SUPPLIED MATERIAL START
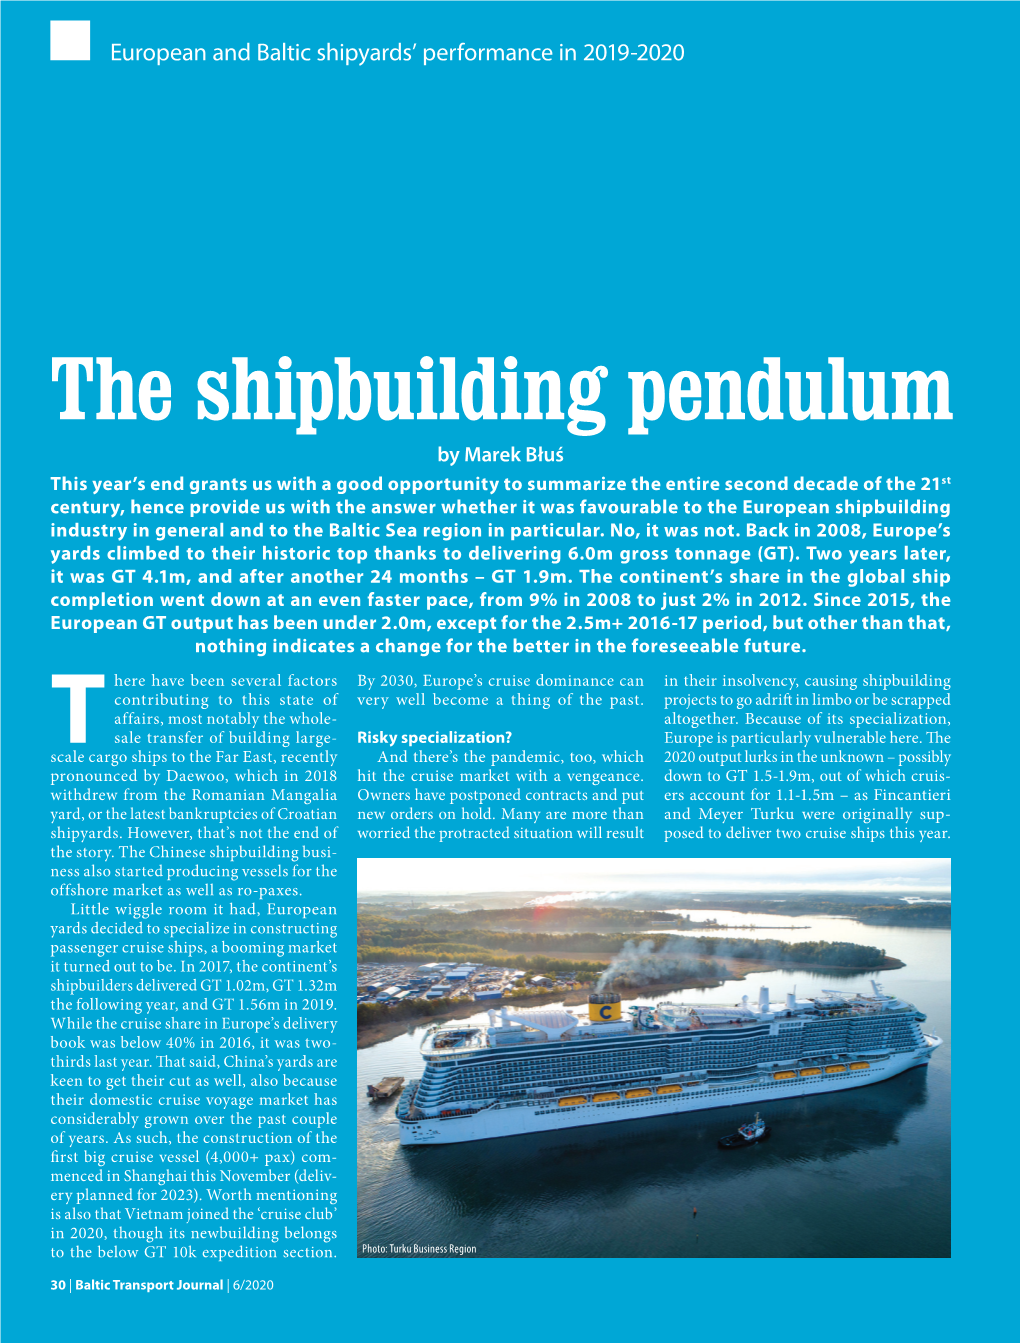 The Shipbuilding Pendulum
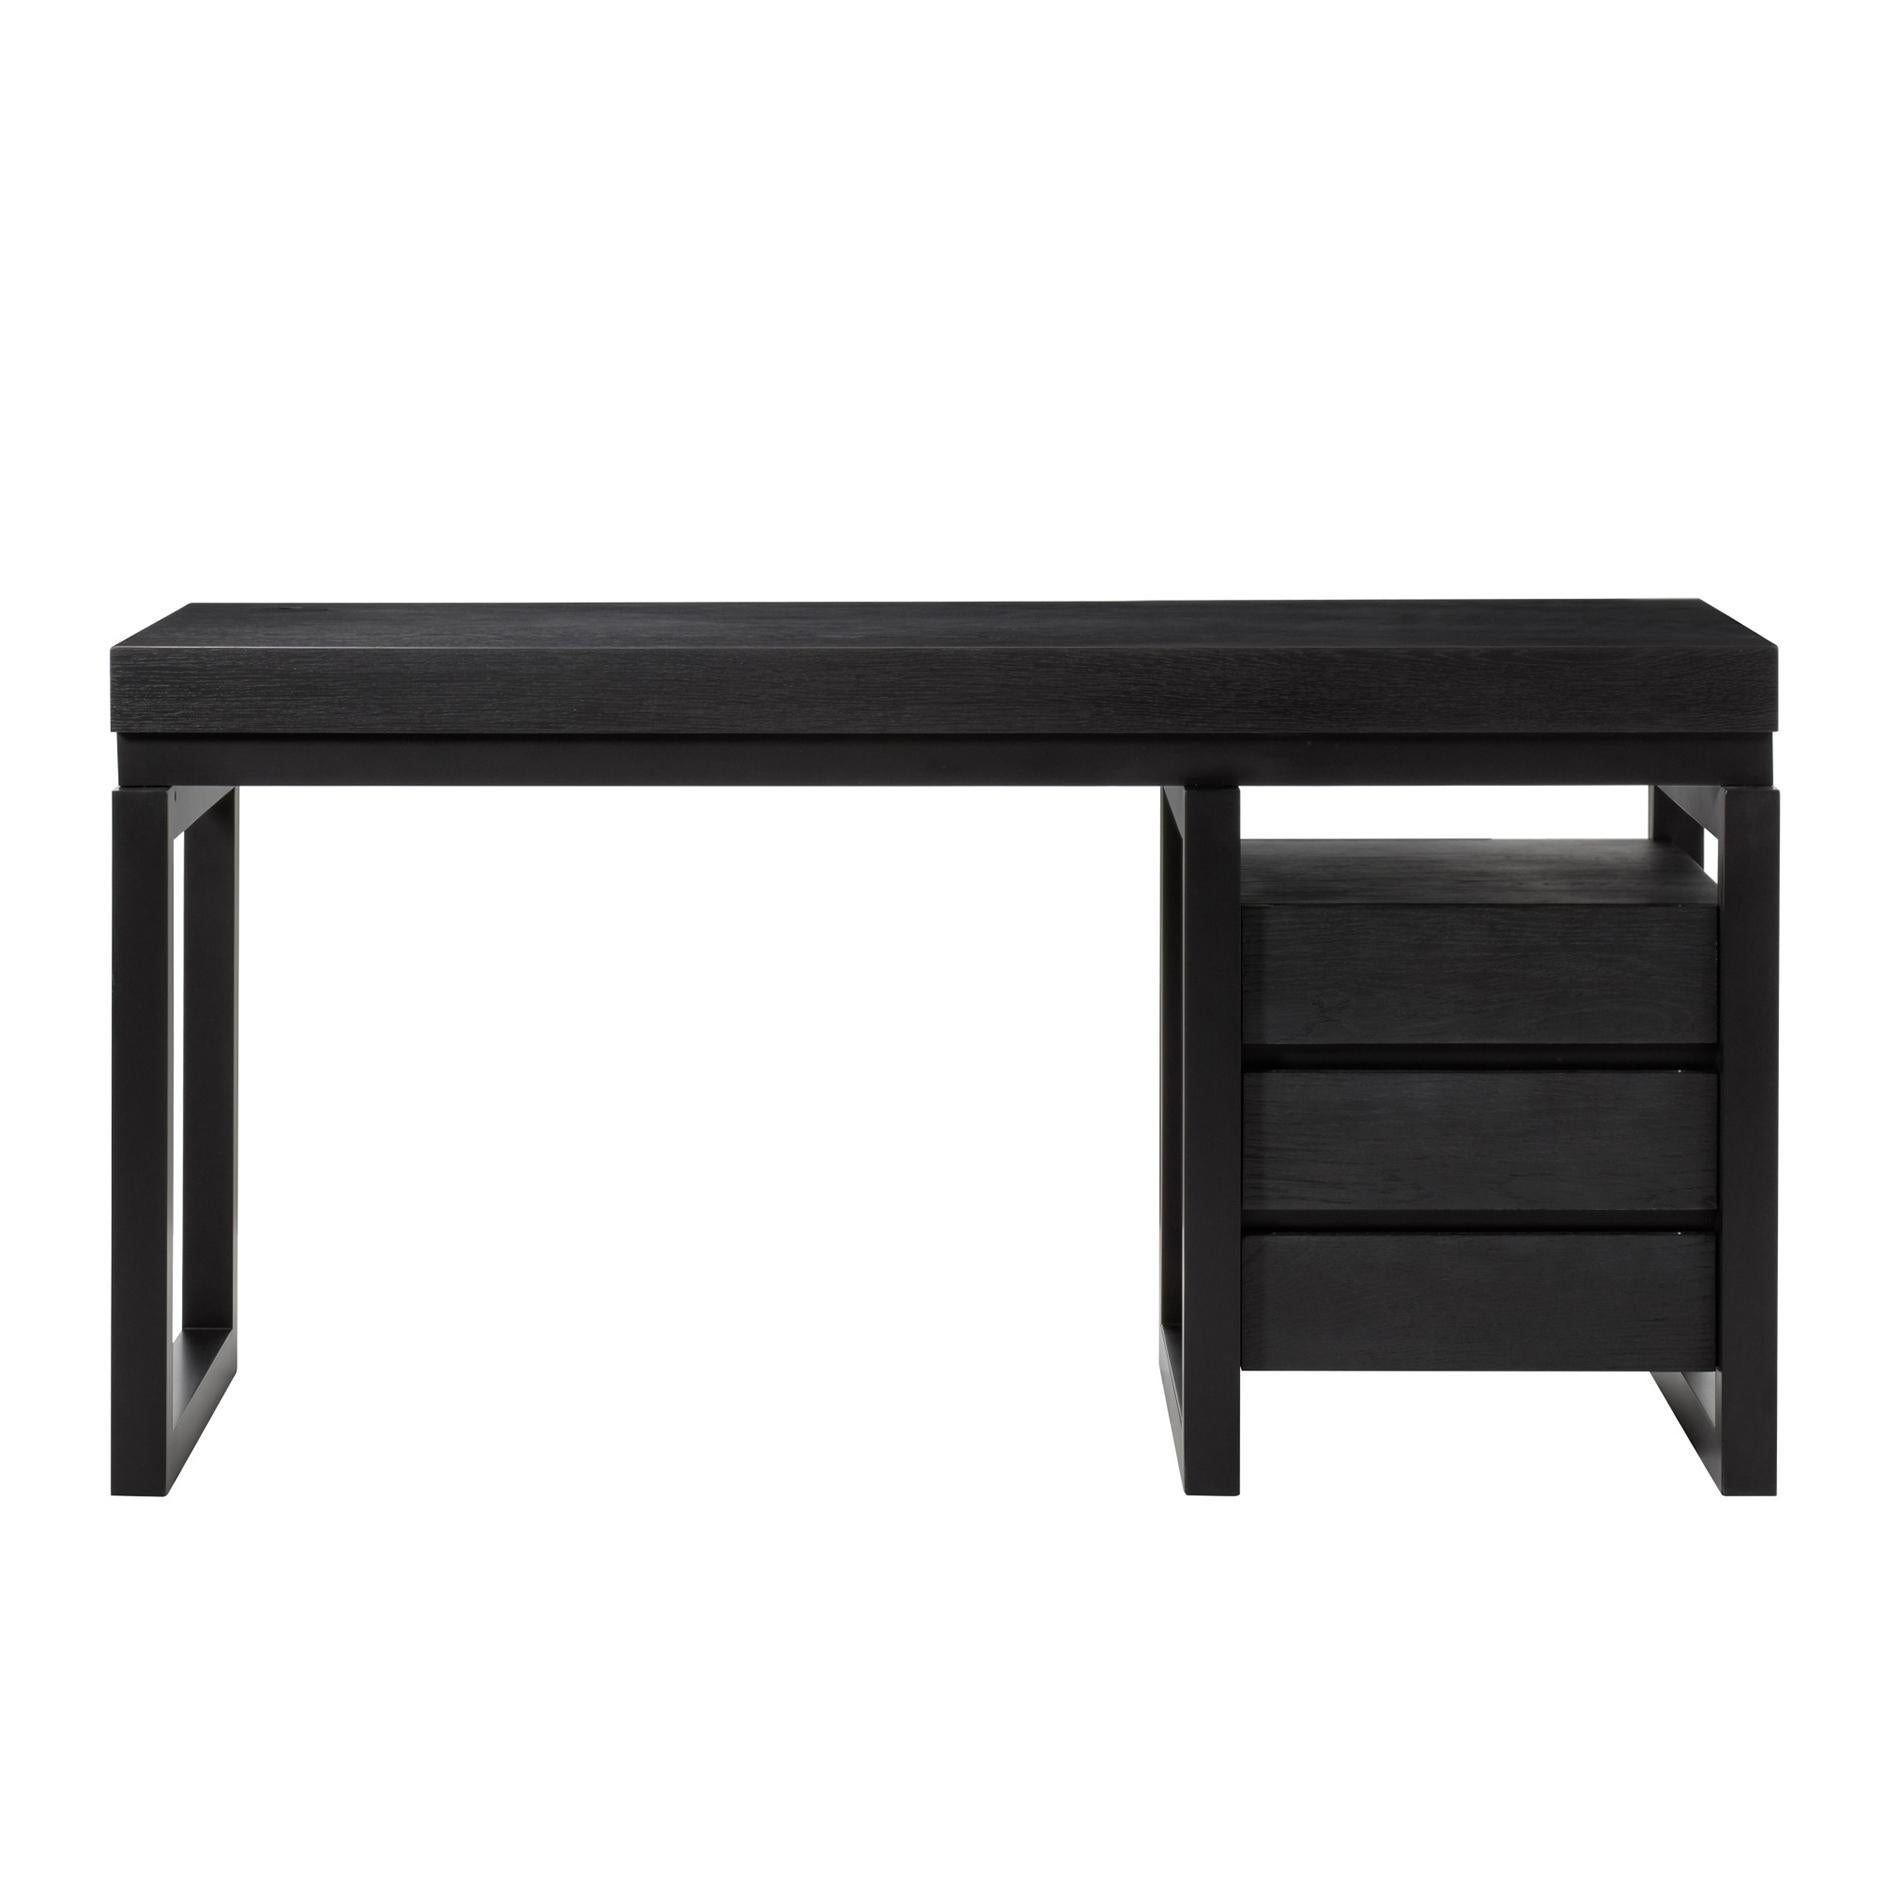 Desk black oak made with hardwood in black
oak graphite finish. Structure in steel in black
matte finish. Desk with 3 drawers.
SUPPLIED MATERIAL END
WHAT YOU NEED TO DO:
Where a line of the data above includes the string "finish", pull it out.

RESPONSE TO THE EXERCISE:
oak graphite finish. Structure in steel in black
matte finish. Desk with 3 drawers.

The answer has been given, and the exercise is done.